The notion of “equivalence” has gained popularity in the Pentagon, according to the report, where the severity of a response would be guided by whether the impact of a cyberattack was comparable to a traditional attack.

For example, how would the US respond to an attack on its commerce systems that was comparable, in effect, to a naval blockade. 

While equivalence could help define an appropriate response to that attack, officials from the US and UK acknowledge that identifying the source of an attack remains a problem.  

The leading example of a suspected state-led cyber-offensive technology was the Stuxnet virus, which Iranian officials accused Israel of deploying with US assistance. 

Britain's cyber capabilities

The UK for the first time this week admitted to developing offensive cyber capabilities under a program led by the Cabinet Office and the Cyber Security Operations Centre of the UK’s signals intelligence unit, the Government Communications Headquarters.

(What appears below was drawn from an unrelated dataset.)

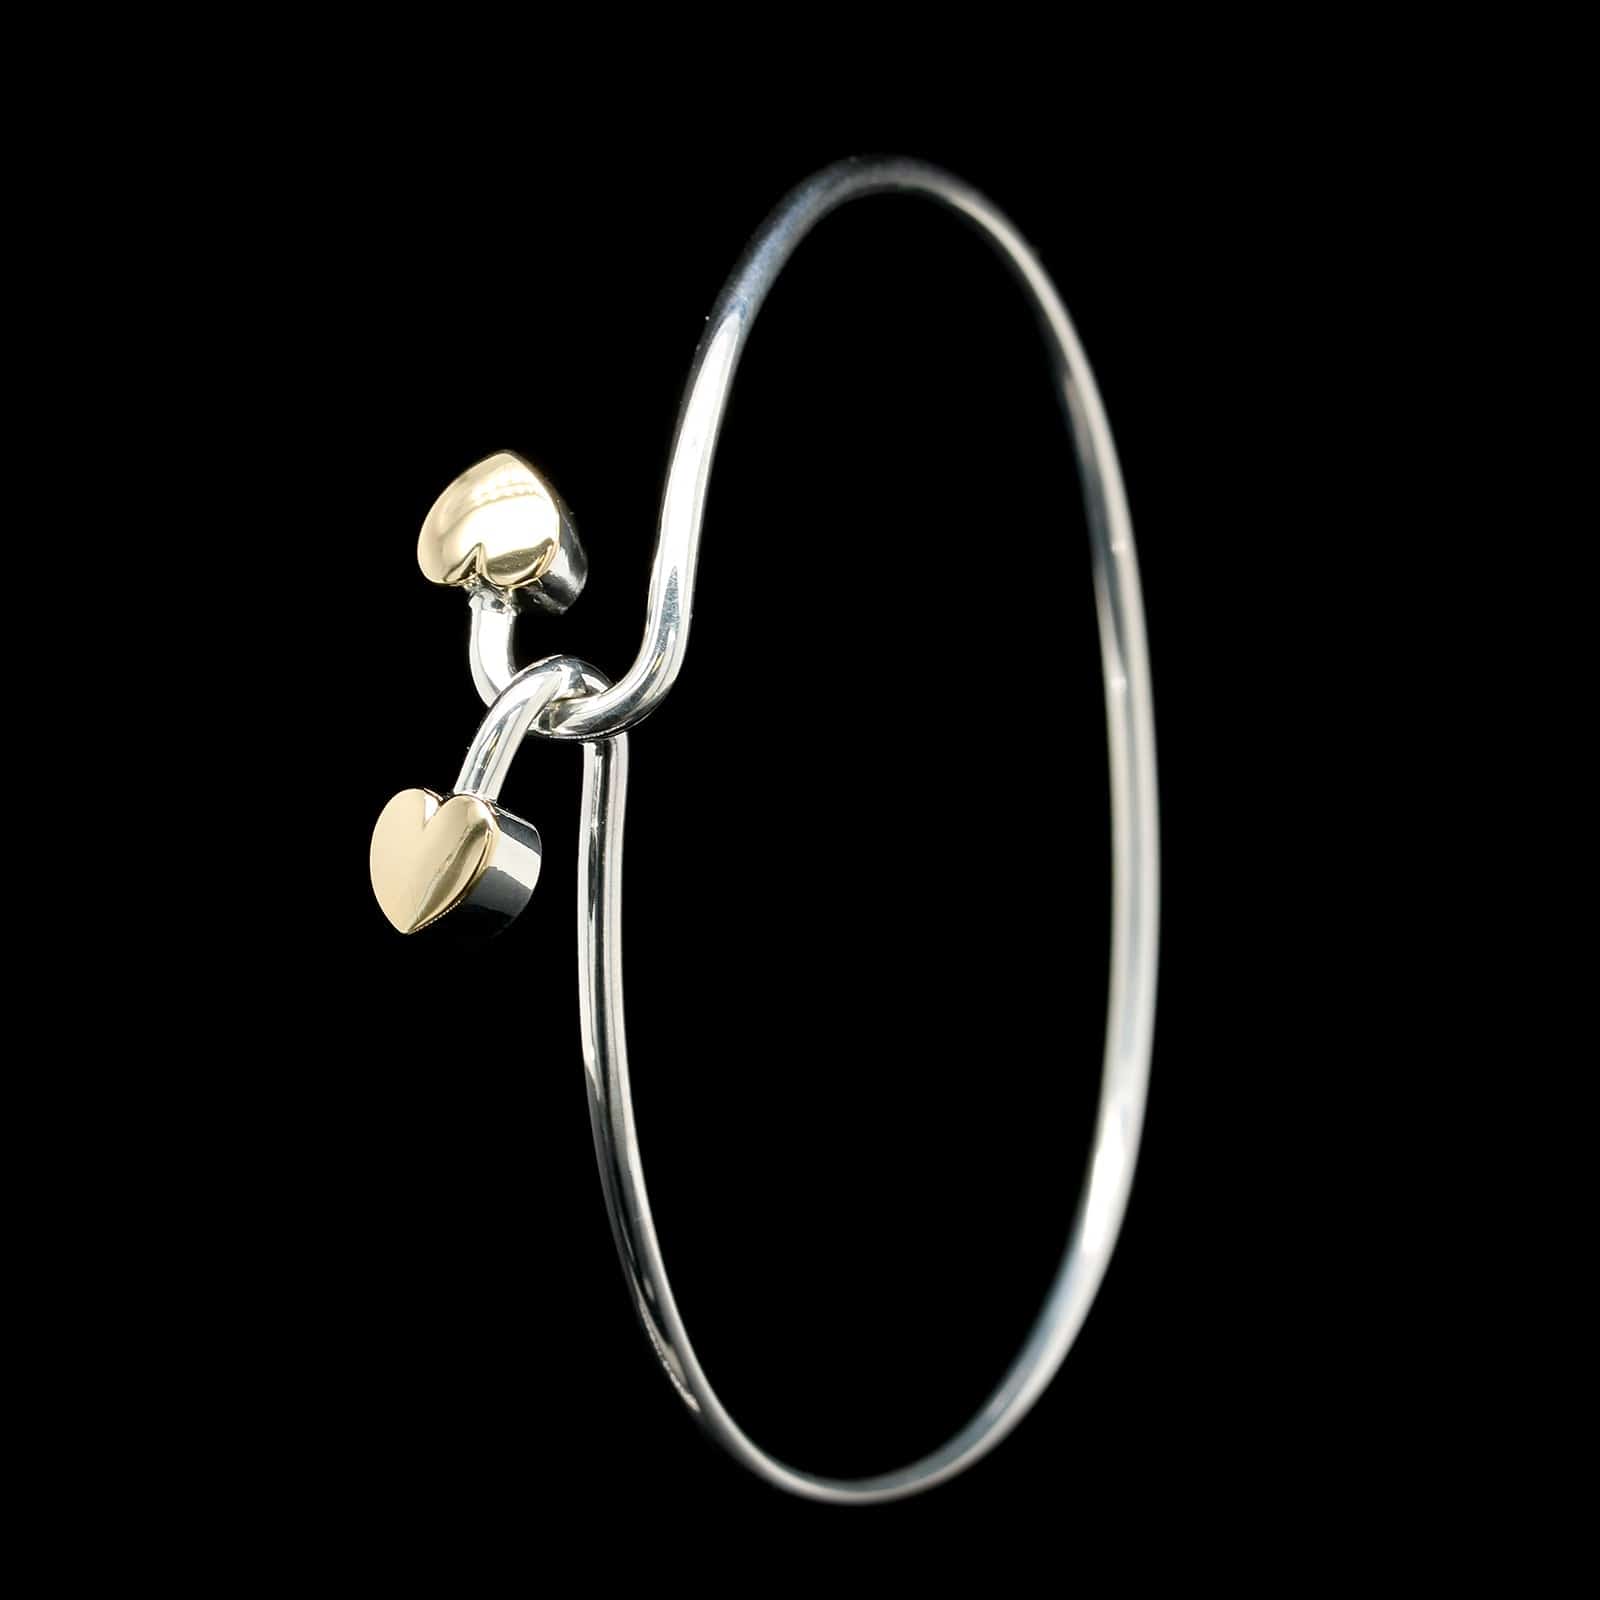 Tiffany & Co Sterling Silver and 18K Yellow Gold Estate Heart Hook Bangle Bracelet, Sterling silver and 18k yellow gold, Long's Jewelers

Outlining the plans, Nick Harvey, the UK’s armed forces minister, referred to the idea of “proportionality” under any response, but insisted "cyber" would form an integral part of its weaponry.

"Cyber will be part of a continuum of tools with which to achieve military effect, both defensive and otherwise, and will be an integral part of our armoury, ” he declared in an opinion piece in The Guardian.

“Top of the list of the UK principles on activity in cyber space is the need for governments to act proportionately and in accordance with national and international law,” he continued, but admitted the problem of identifying the source of an attack. 

“Establishing who is behind any attack and its purpose is difficult, particularly where aggressive state-sponsored activity is undertaken through proxies,” he said. 

“There are no geographic barriers in cyberspace. An attack could originate from anywhere.”